> _ACTIVITY_
Copy each line below as it stands, but skip any picture it contains.

(Beginning of COLLECTED DATA)

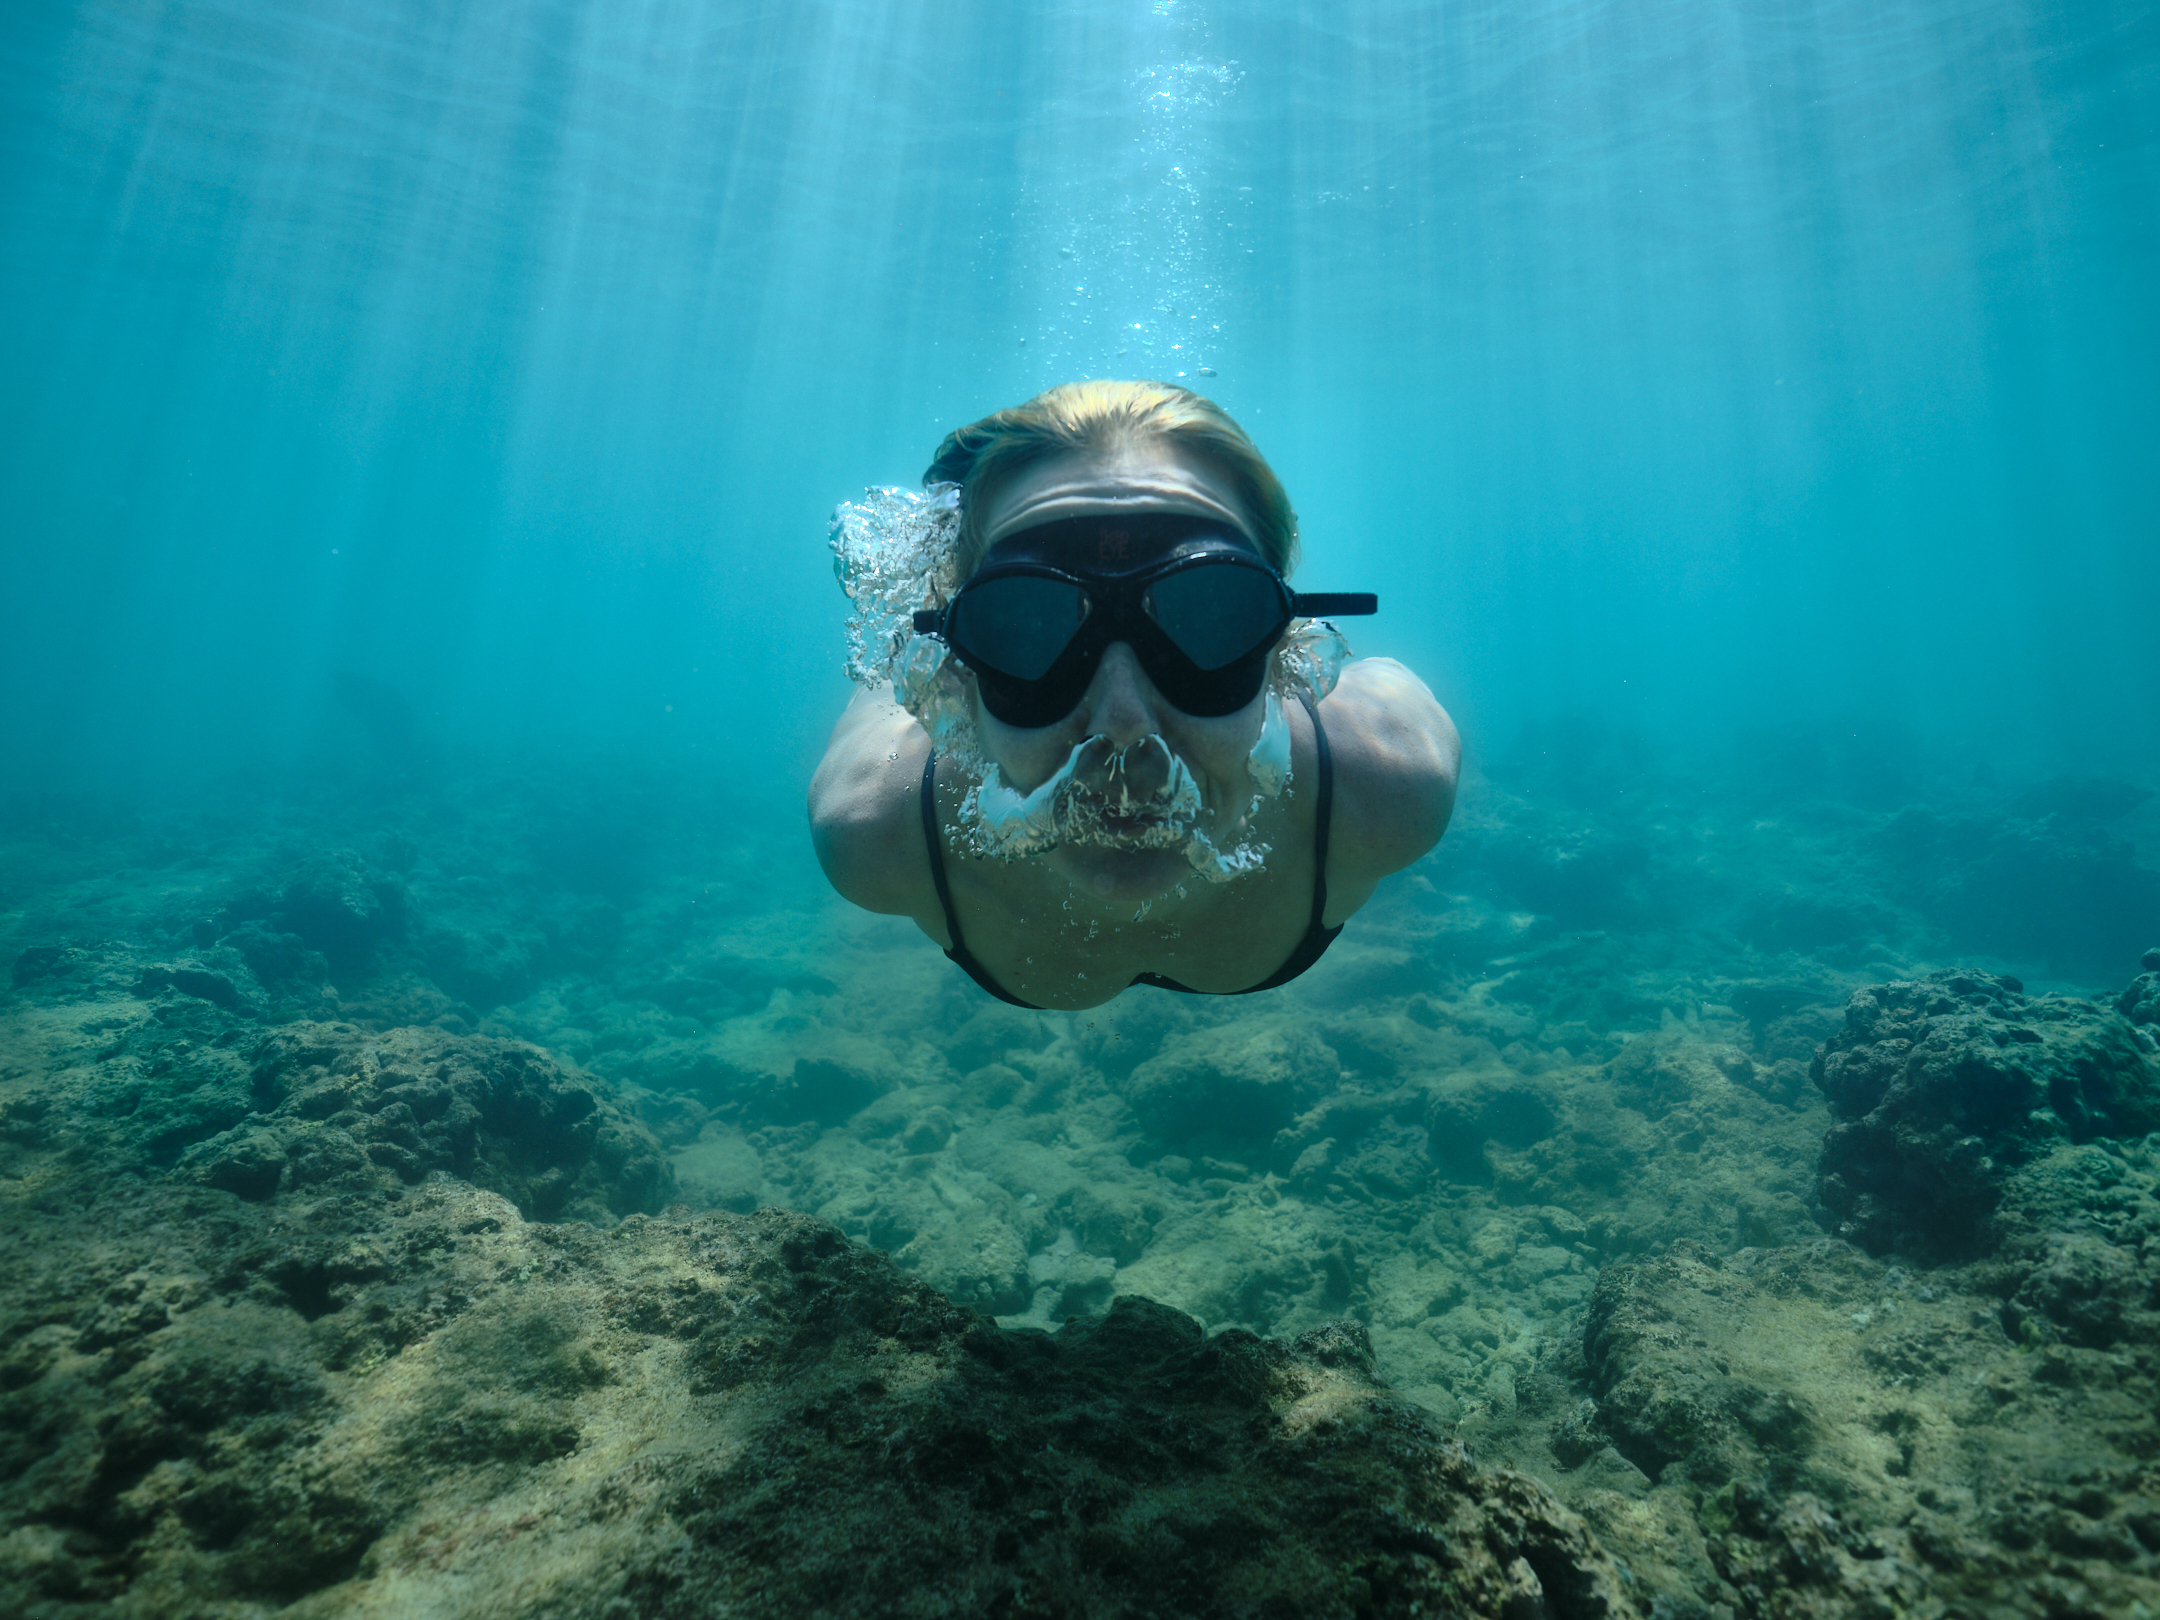 Person diving swimming towards camera
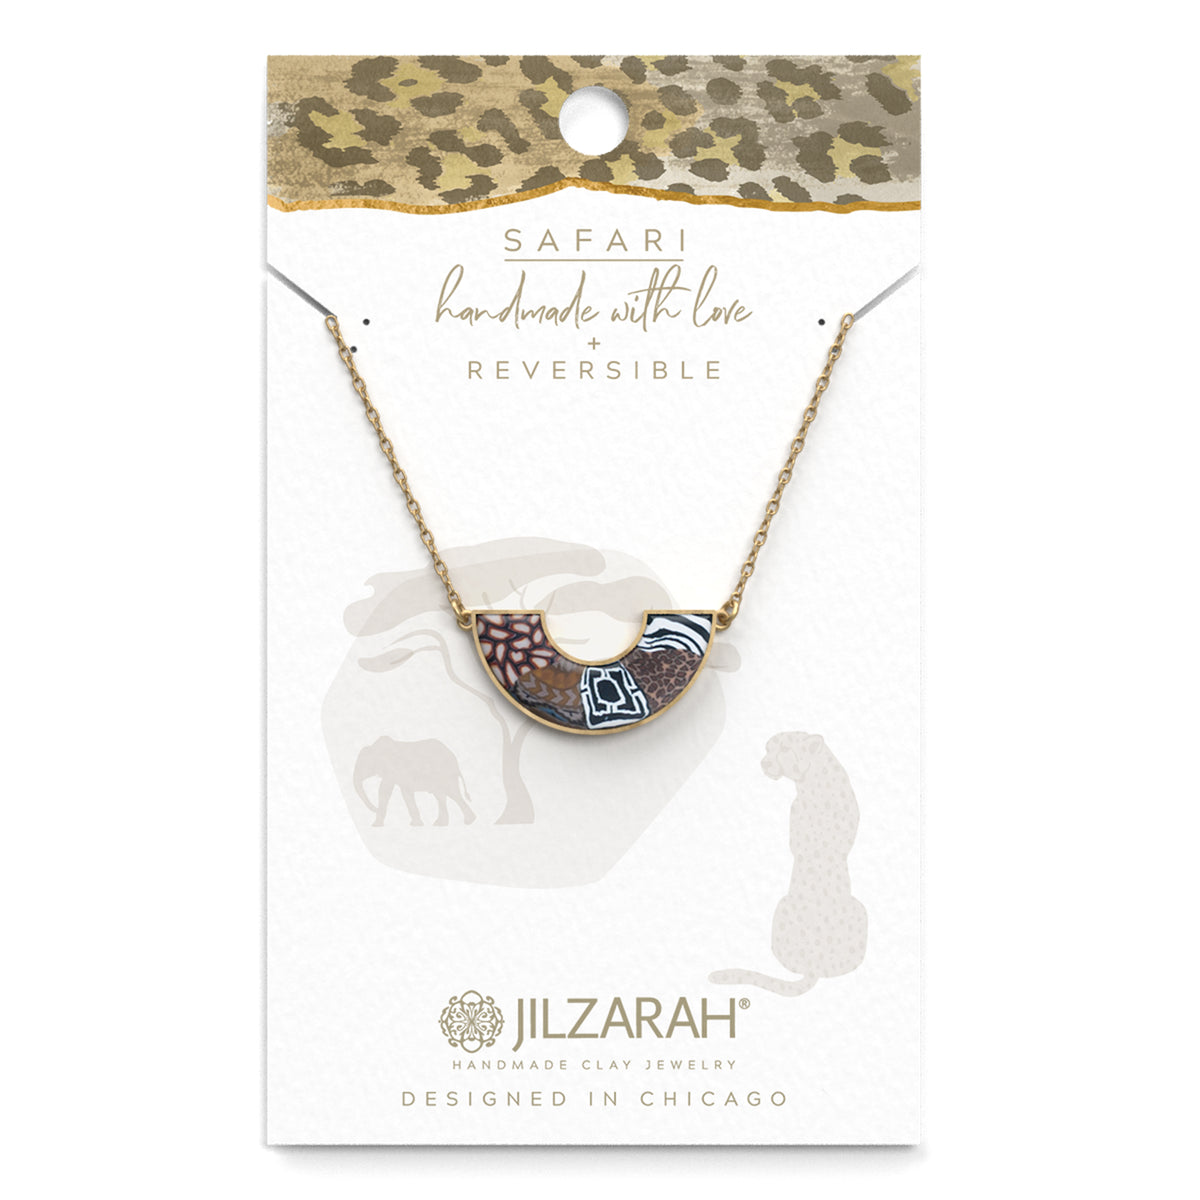 Safari Reversible Arc Necklace
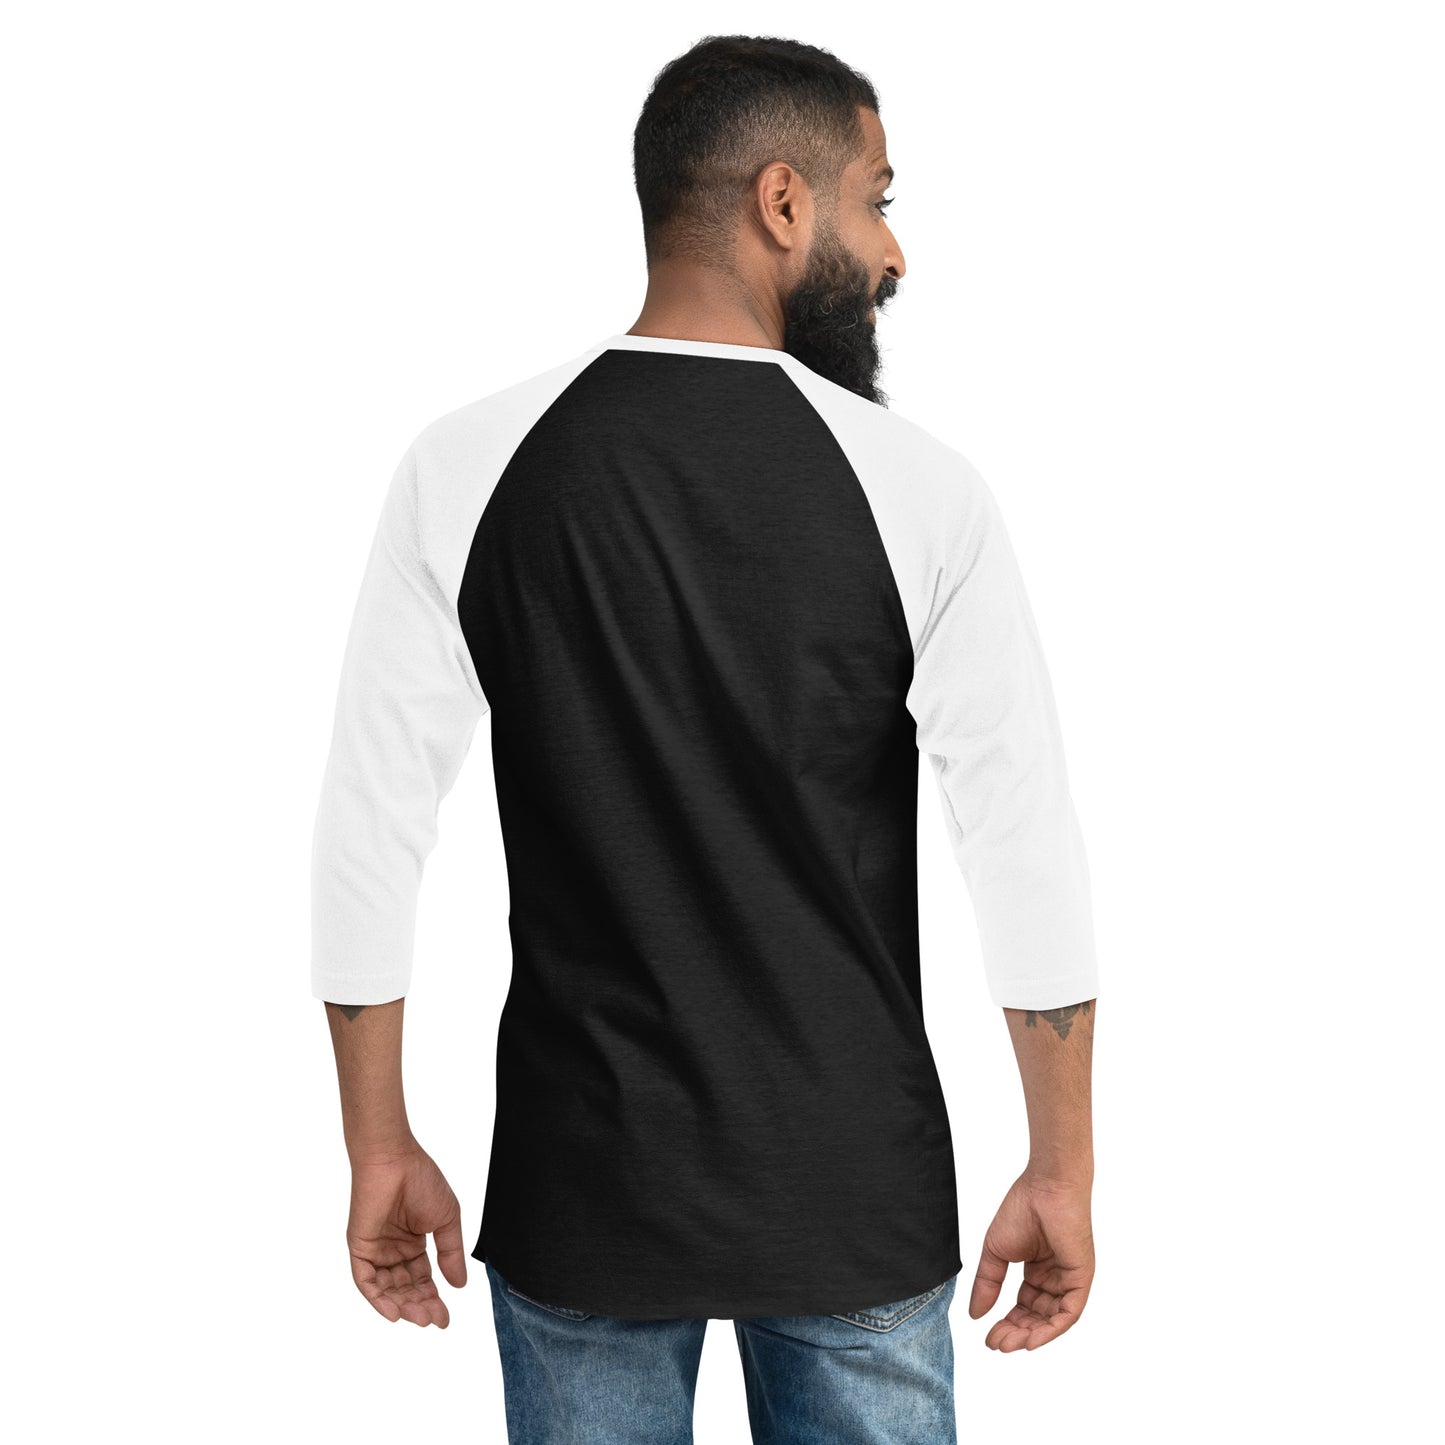 ME O'CLOCK 3/4 sleeve raglan shirt
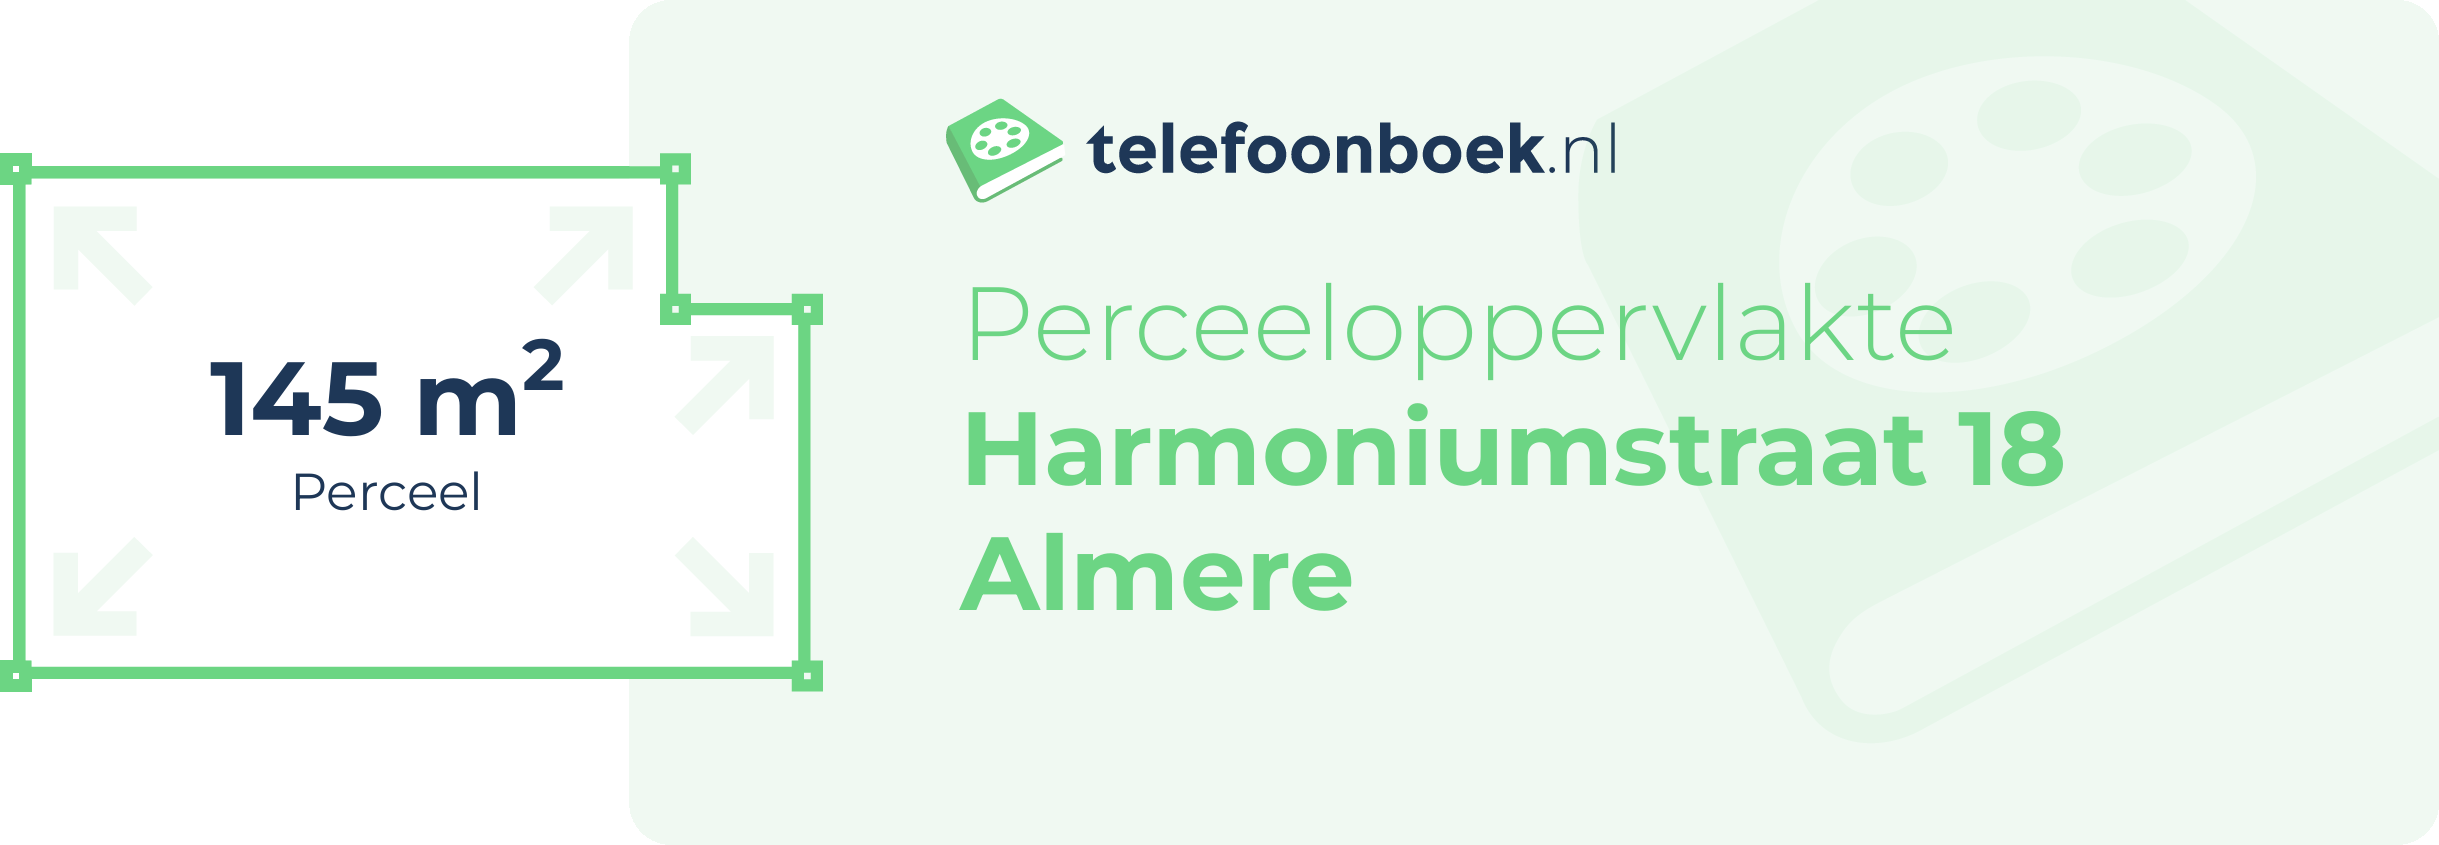 Perceeloppervlakte Harmoniumstraat 18 Almere

(End of COLLECTED DATA)

> _OUTPUT BELOW_
 Person diving swimming towards camera
 Safari Reversible Arc Necklace
 ME O'CLOCK 3/4 sleeve raglan shirt
 Perceeloppervlakte Harmoniumstraat 18 Almere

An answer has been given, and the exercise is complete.